Directions:
Return all of the listing word for word; the pictures stay out.

#### Source material

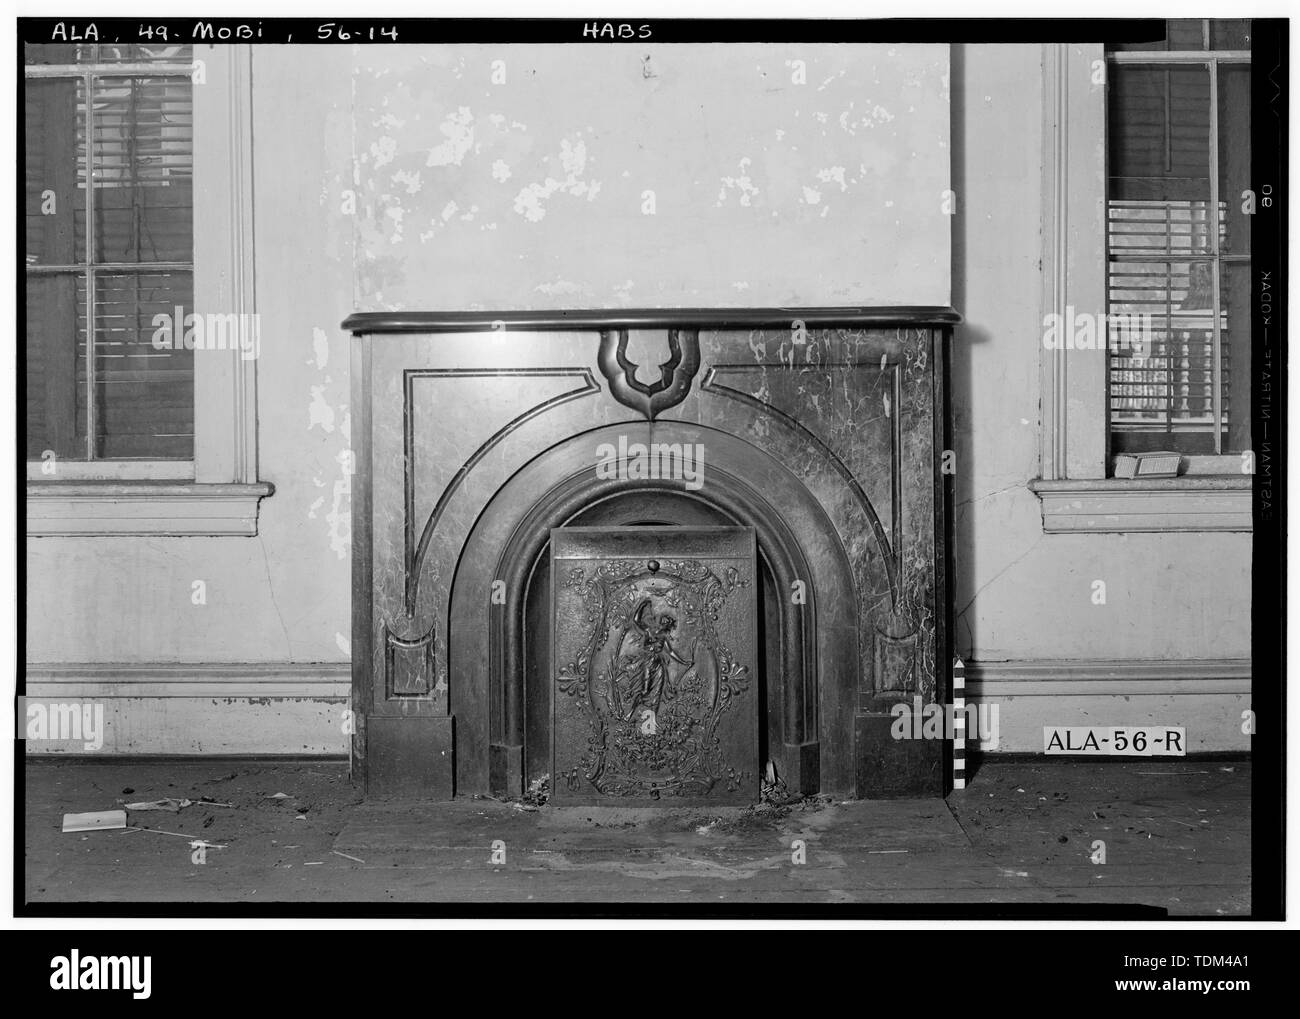 Historic American Buildings Survey E. W. Russell, Photographer, March 24, 1936 PARLOR MANTEL (BLACK MARBLE) - Horta-Semmes House and Fence, 802 Government Street, Mobile, Mobile County, AL Stock Photo
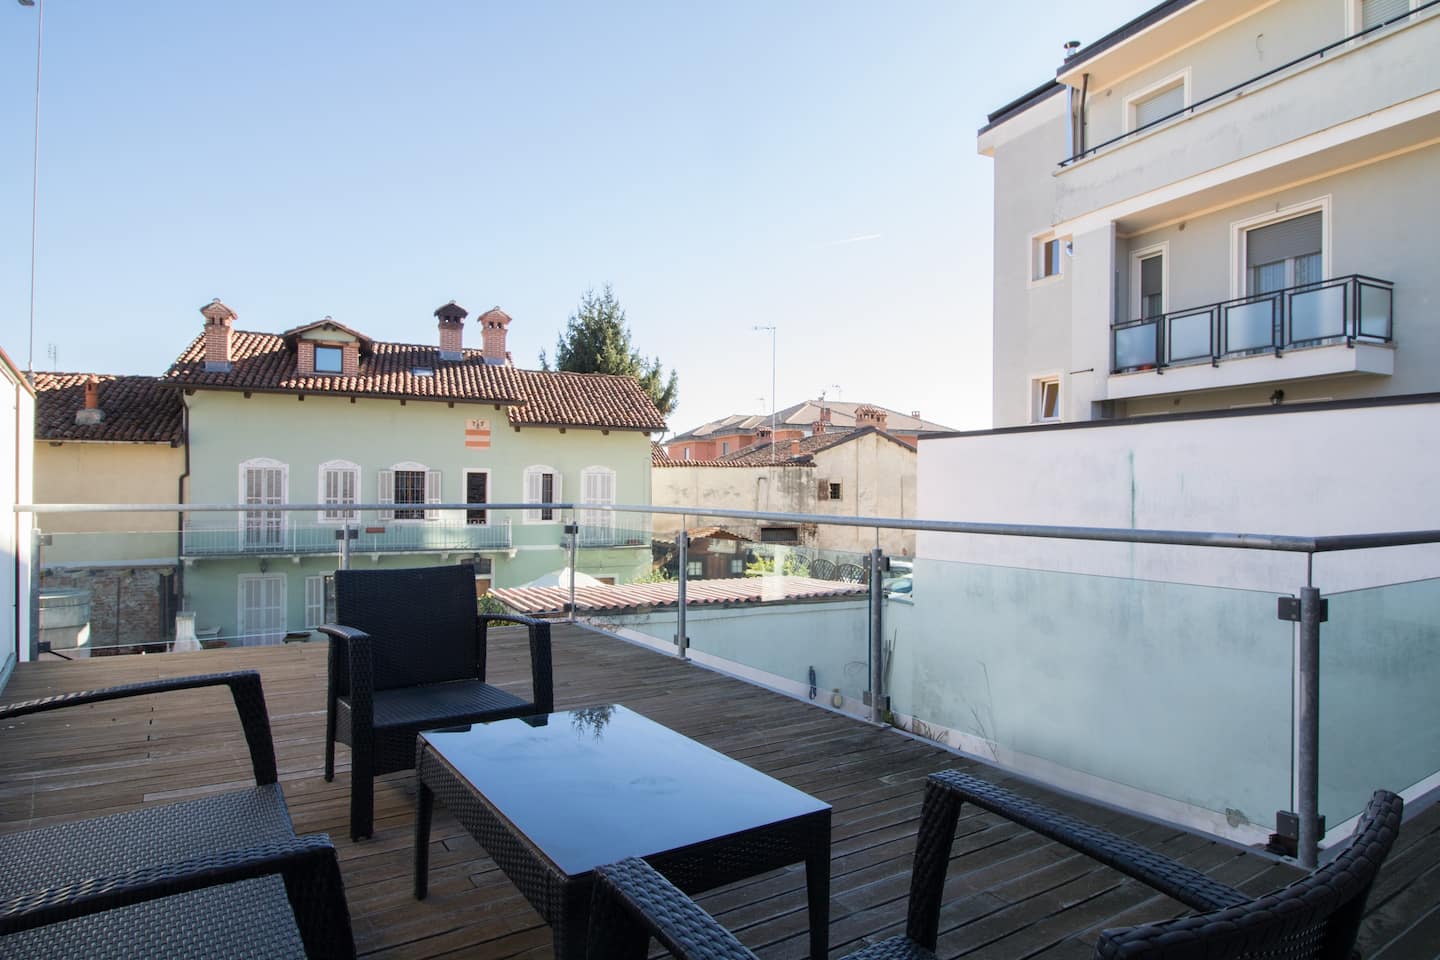 Large furnished terrace for an aperitif among the roof in La La Land House, Vayadù flat in Genola
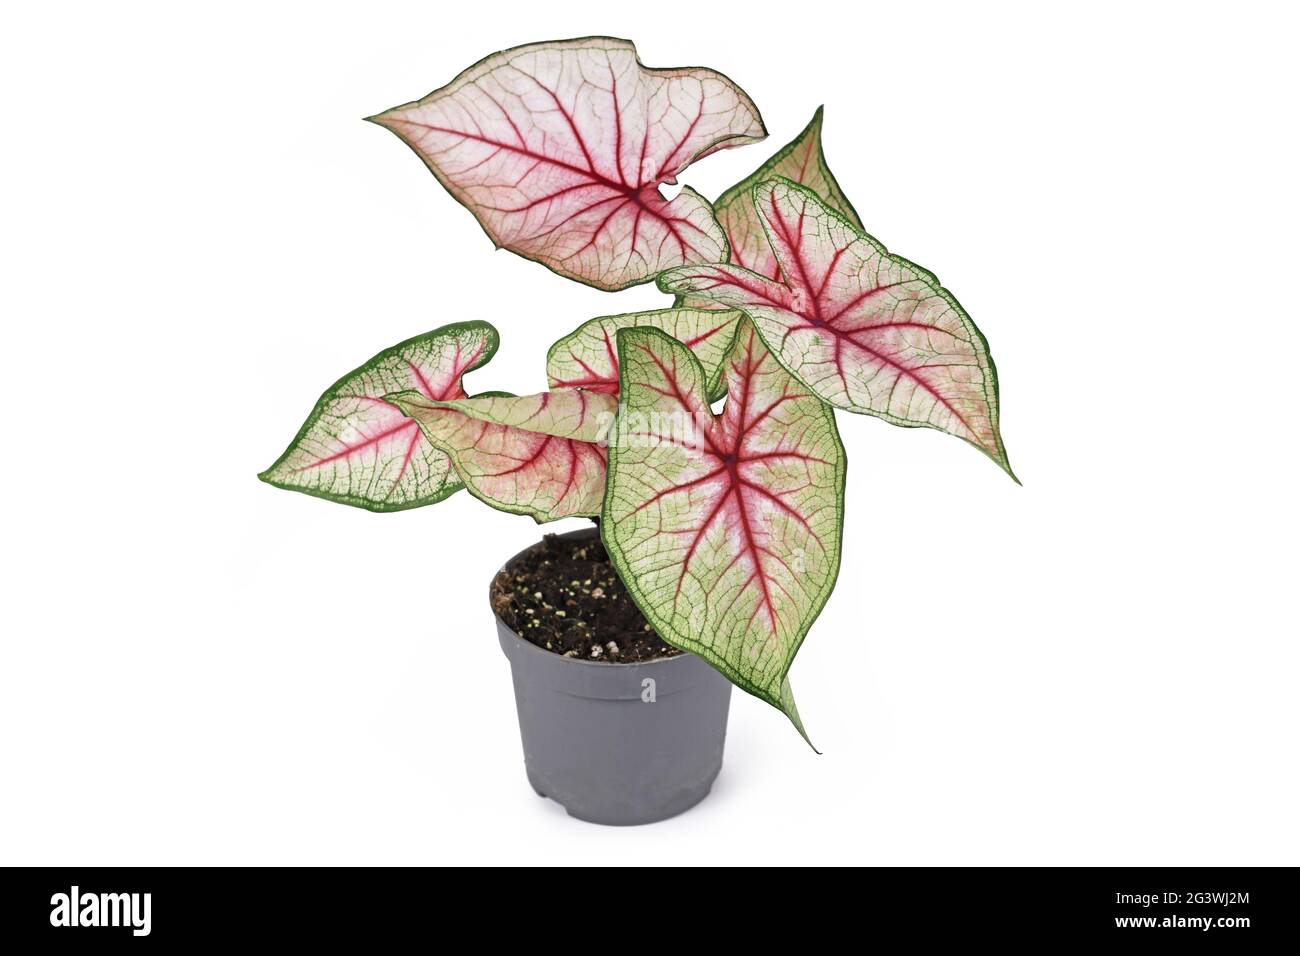 Beautiful exotic 'Caladium White Queen' plant with white leaves and pink veins in pot isolated on white background Stock Photo

########

Output of the task:
 Historic American Buildings Survey E. W. Russell, Photographer, March 24, 1936 PARLOR MANTEL (BLACK MARBLE) - Horta-Semmes House and Fence, 802 Government Street, Mobile, Mobile County, AL Stock Photo
 Large furnished terrace for an aperitif among the roof in La La Land House, Vayadù flat in Genola
 Beautiful exotic 'Caladium White Queen' plant with white leaves and pink veins in pot isolated on white background Stock Photo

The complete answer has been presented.